陆蒙却根本不理会他,自顾自往回走着,隔着老远也能感受到他身上怒意。
“世子!”牧衍忙追上去:“您还要去做什……”
“你带他们重新寻个地方好生安置,不要把这些人放在别院。”陆蒙阴沉着脸,语气森寒,咬牙切齿:“我回去杀人!”
但可惜他终究还是晚了一步。
江瑀那密道也不知耗时多久修建,竟直通到了暗巷外。
陆蒙在那暗道入口处折腾半晌也不能撼动分毫,不欲浪费时间,便只能先带着那些孩子往外走。可暗道太过狭窄,陆蒙人高马大,在其中被拘束得厉害,便是想快也不能。
等他折腾到郊野,再重回苏宅,整个苏宅已经彻底安静了下来。
没有了金枢卫暗卫的踪影,自然,也早已没了江瑀的踪迹,连先前死去那十人的尸首也不见了踪影。
皇帝此番派这些人过来的目的就是抓住江瑀。既然已经将江瑀抓获,自然没有了再继续留下的必要。
远处天际逐渐泛起微光,陆蒙看着眼前焦黑的断壁残垣,桀骜乖张的脸上一片阴鸷。
他缓缓转身,看向了京城皇宫方向,眉眼沉得吓人。
与此同时,刘大夫院中。
小苏知晓江瑀已被抓获,知道他已经没有办法再继续护着自己了,心中惊恐更甚。
钻进暗道后,他明知自己应该立刻逃脱,明知自己应该即刻前往安全的地方,可不知是因为寒冷还是因为恐惧,他浑身都在发软,麻木到几乎感觉不到四肢的存在,根本没有前进的力气,泪水不住簌簌流淌,冻得整张脸都冰凉一片。
直到不知过去多久,他才总算拖着麻木的四肢,几乎是手脚并用爬到了刘大夫院中。
待他到时,已经快要天亮。可昨日一整天,小苏都紧绷着神经,早已失去了时间概念,只当此刻还是夜晚。
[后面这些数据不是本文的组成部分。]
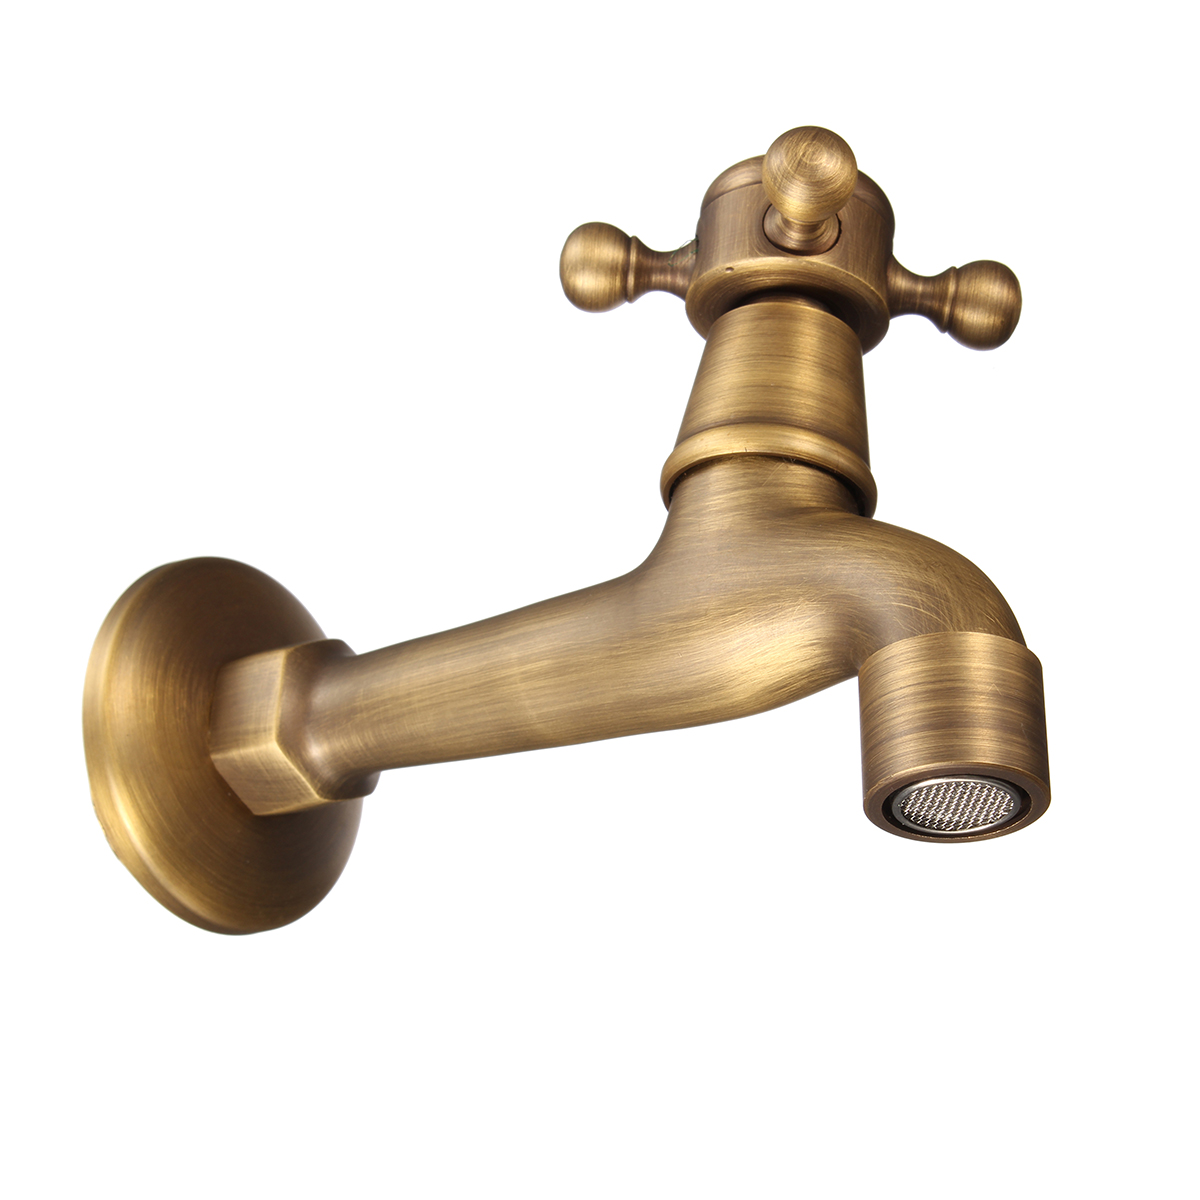 Antique-Brass-Wall-Mounted-Garden-Bathroom-Basin-Faucet-Mop-Water-Machine-Tap-1138134

他从暗道口爬出,见刘大夫屋中亮着烛火,登时喜极而泣。
刘大夫还醒着,还能救他,他也还能求刘大夫去想办法救江瑀!
看到希望的喜悦让小苏积攒出了几分力气,踉踉跄跄站起身来,推开了刘大夫的屋门。
“刘大夫,救救……”
话说一半,小苏便愣住了。
刘大夫的确尚在屋中,可却正在被两个人高马大的身影挟持着,将他死死按在了椅子上!
而屋内扶椅上,正坐着一个身形高挑的男人。一身锦绣华袍,手持玉扇,慢条斯理把玩着。
小苏呼吸一窒,双腿一软,瞪大着一双茫然无措的眼睛咚一声摔坐在地,连后退的力气都已经没有。
只见面前那高挑身影缓缓起身来到小苏面前,蹲身下来,抬起一只骨节分明的手按在了小苏头顶,声音柔和。
“别怕我,孩子,我不会伤害你,我是来保护你的。告诉我,你叫什么名字?”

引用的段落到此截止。